* _PROBLEM REQUIREMENTS_
The listing below should be printed exactly, every line of it. Skip the pictures.
____ DATASET EXTRACT
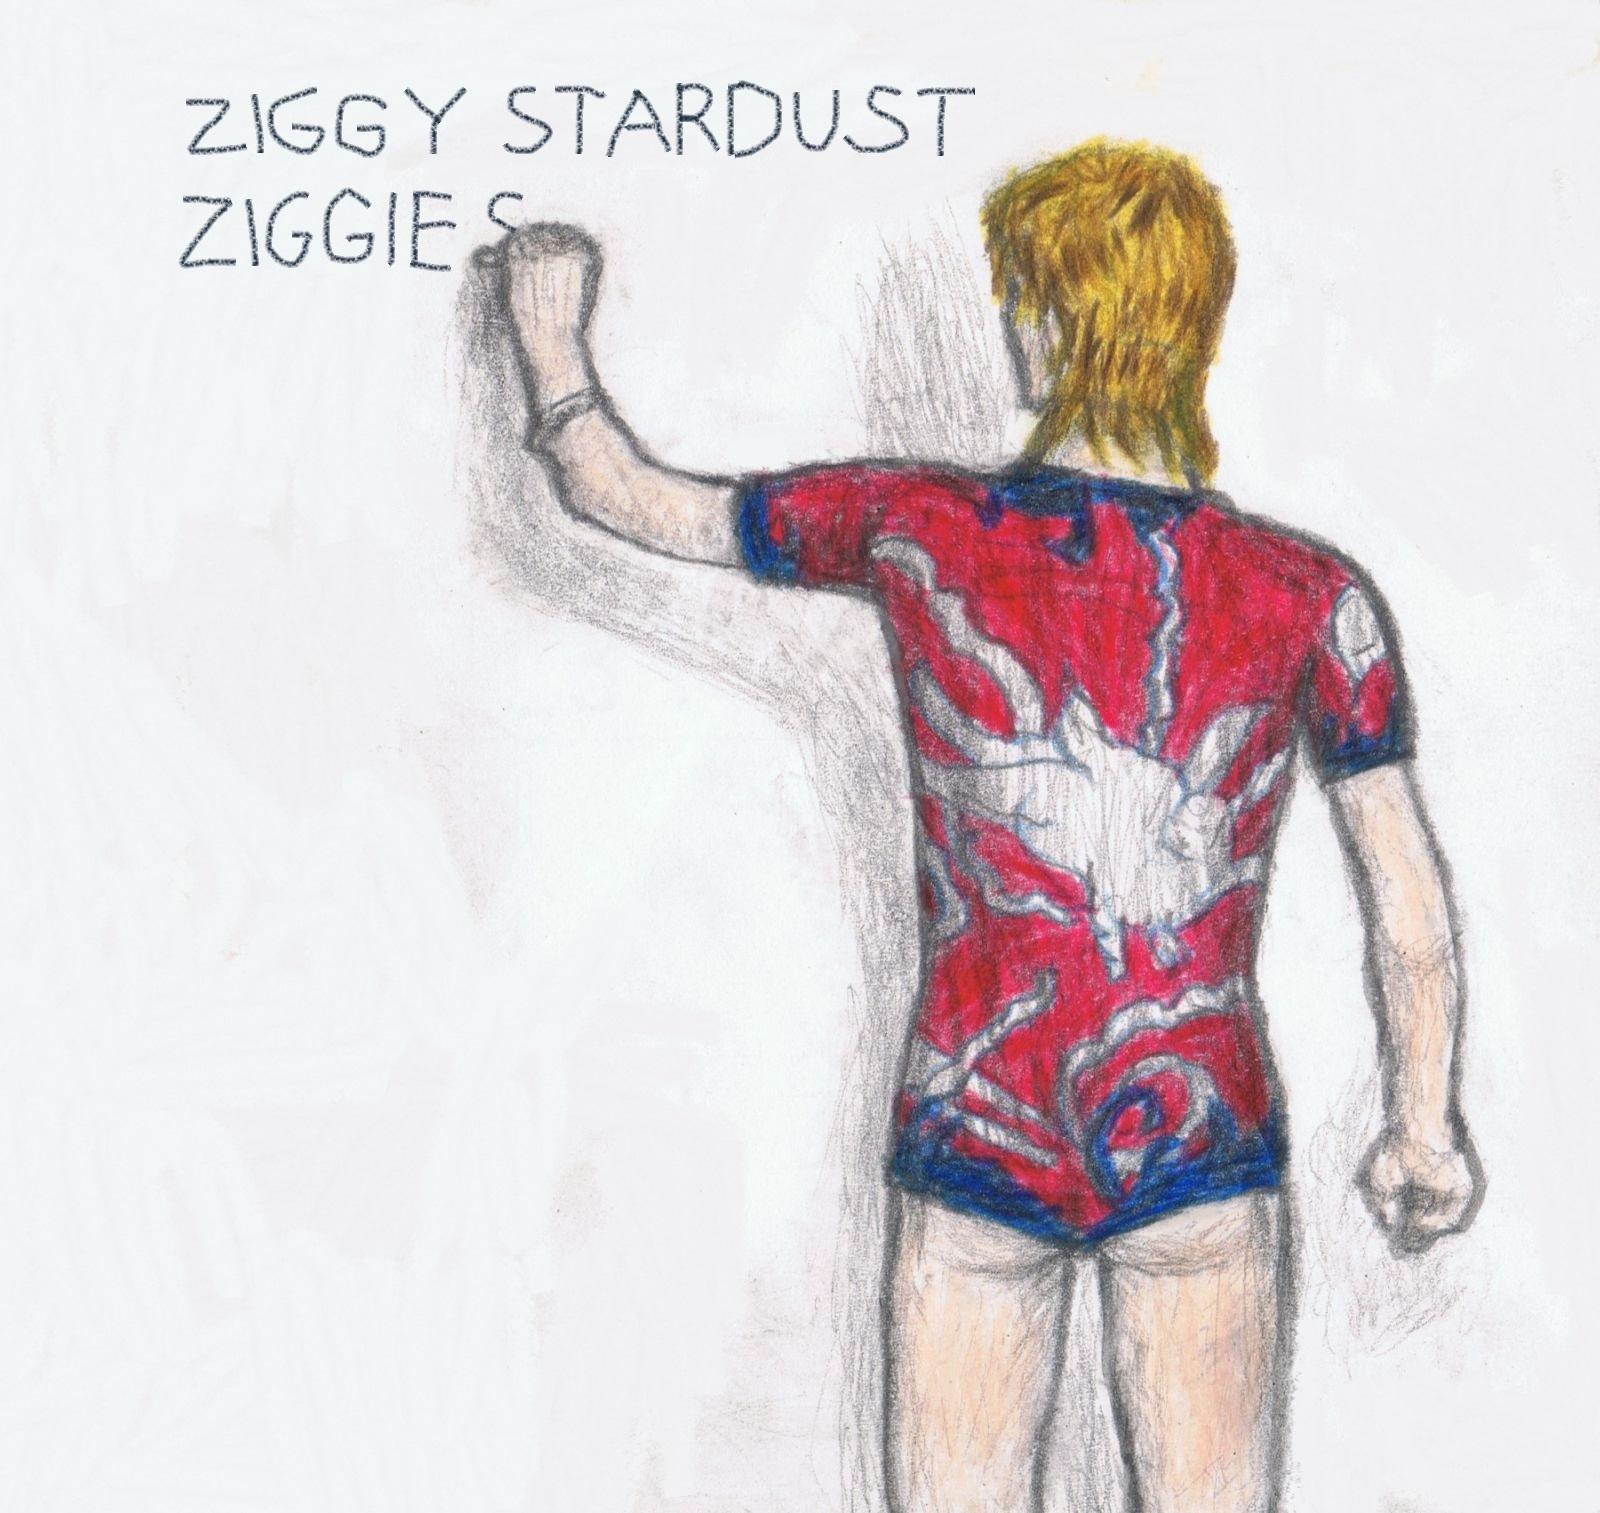 Ziggy 'Ziggie' Stardust by gagambo
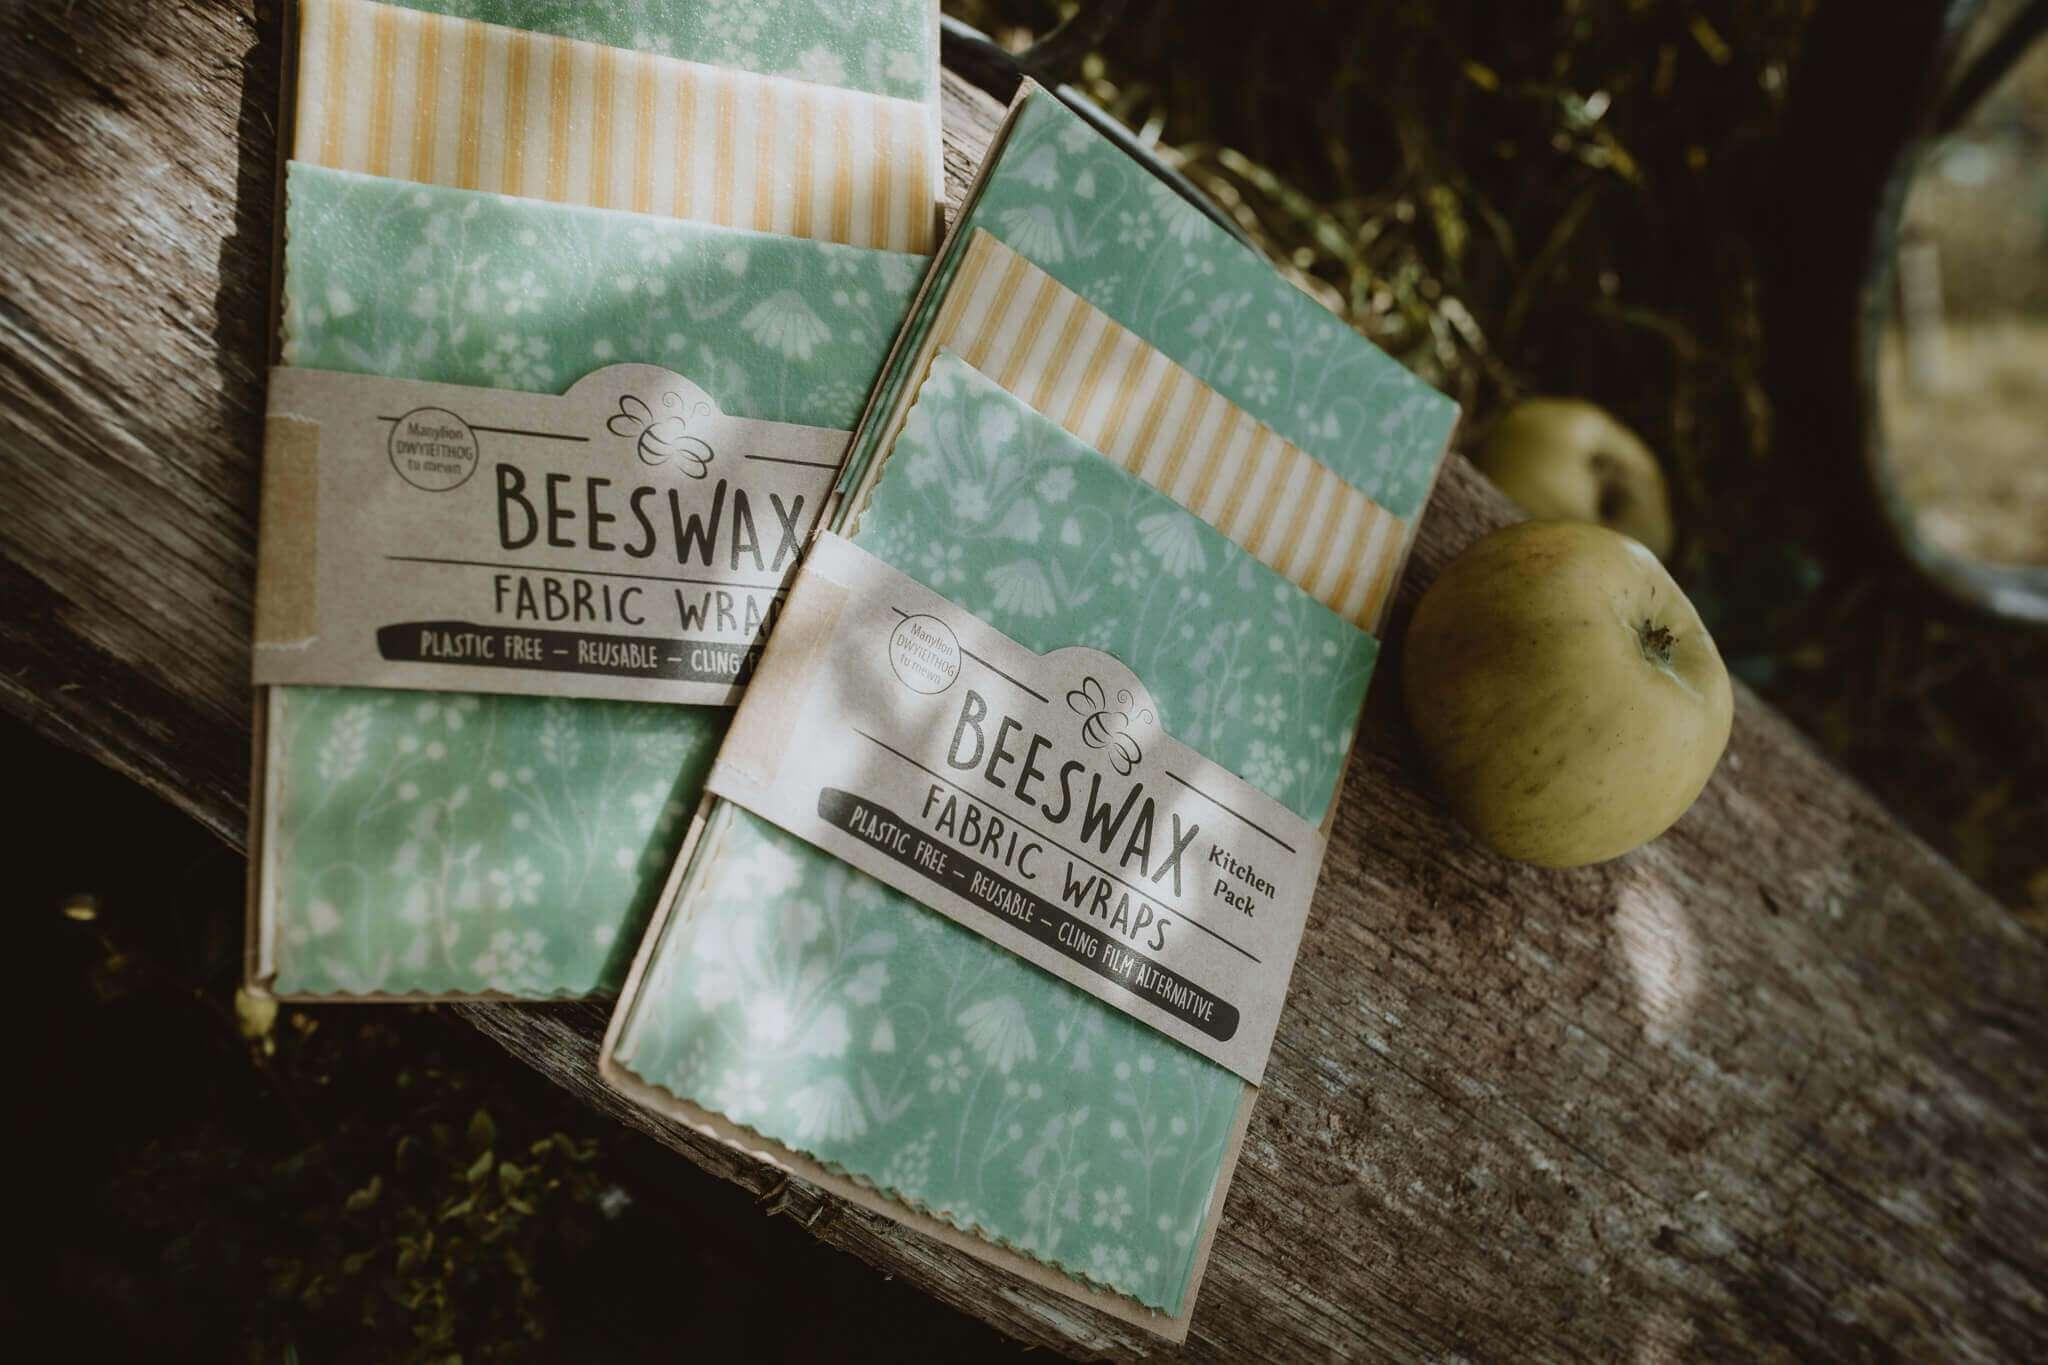 beeswax wraps packs
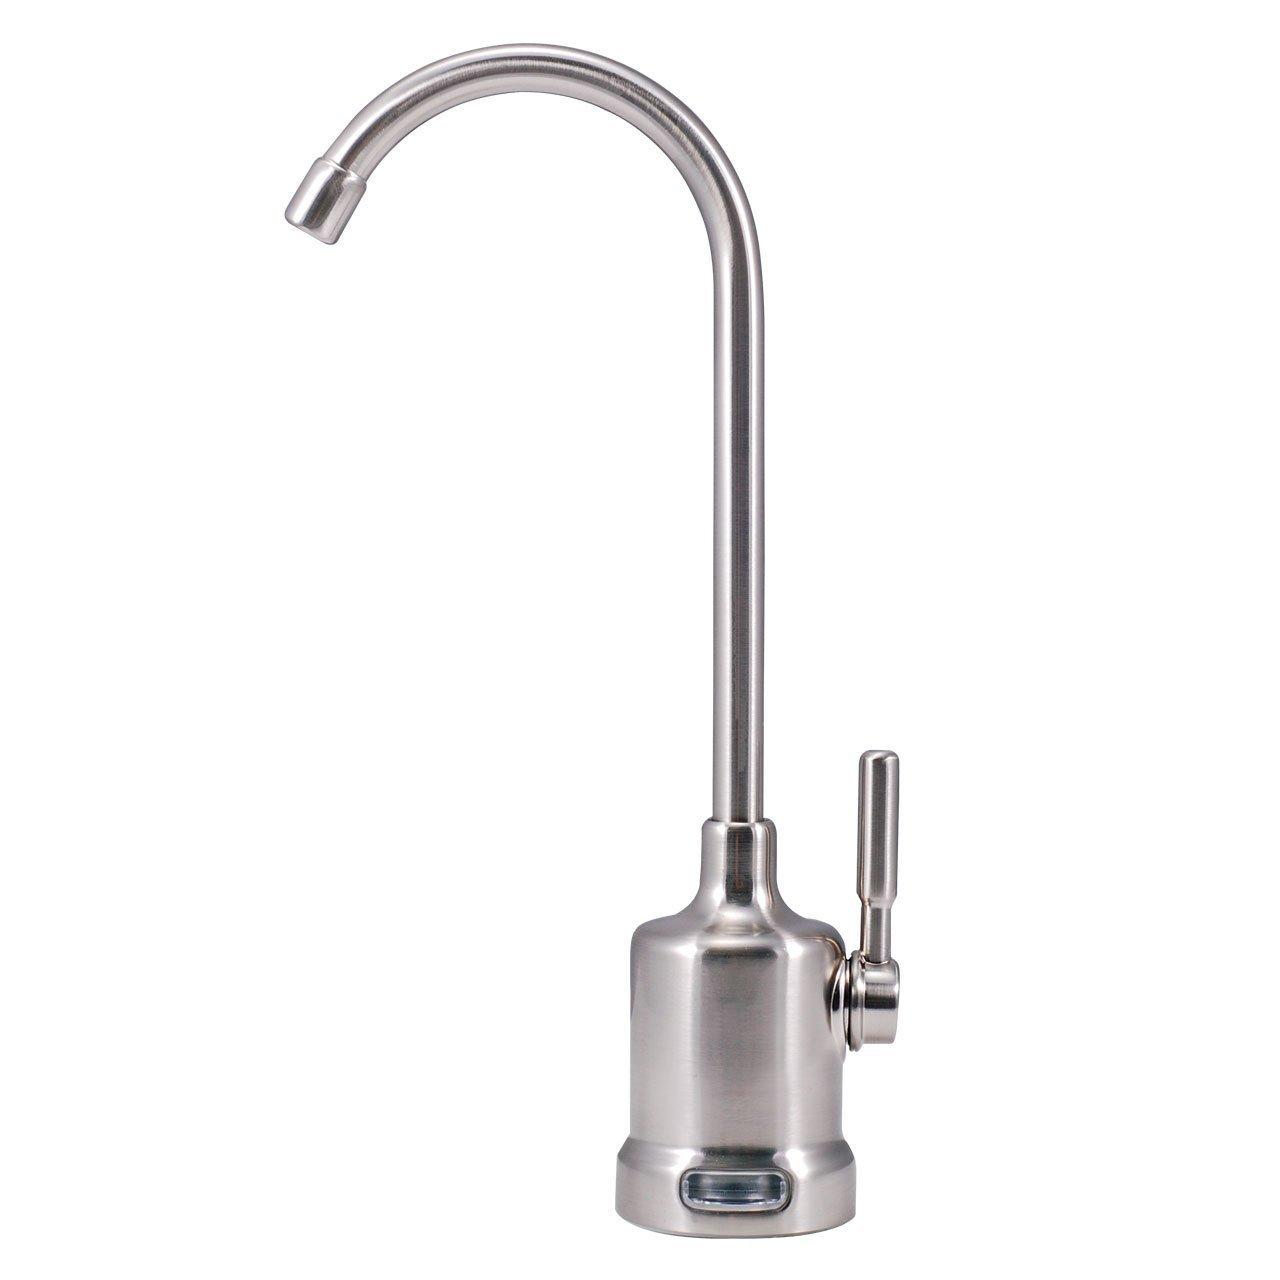 Watts Premier 116093 Air-Gap Top-Mount Monitored Faucet Brushed Nickel
________
* _RESULT FOR THIS EXERCISE_
 Ziggy 'Ziggie' Stardust by gagambo
 beeswax wraps packs
 Watts Premier 116093 Air-Gap Top-Mount Monitored Faucet Brushed Nickel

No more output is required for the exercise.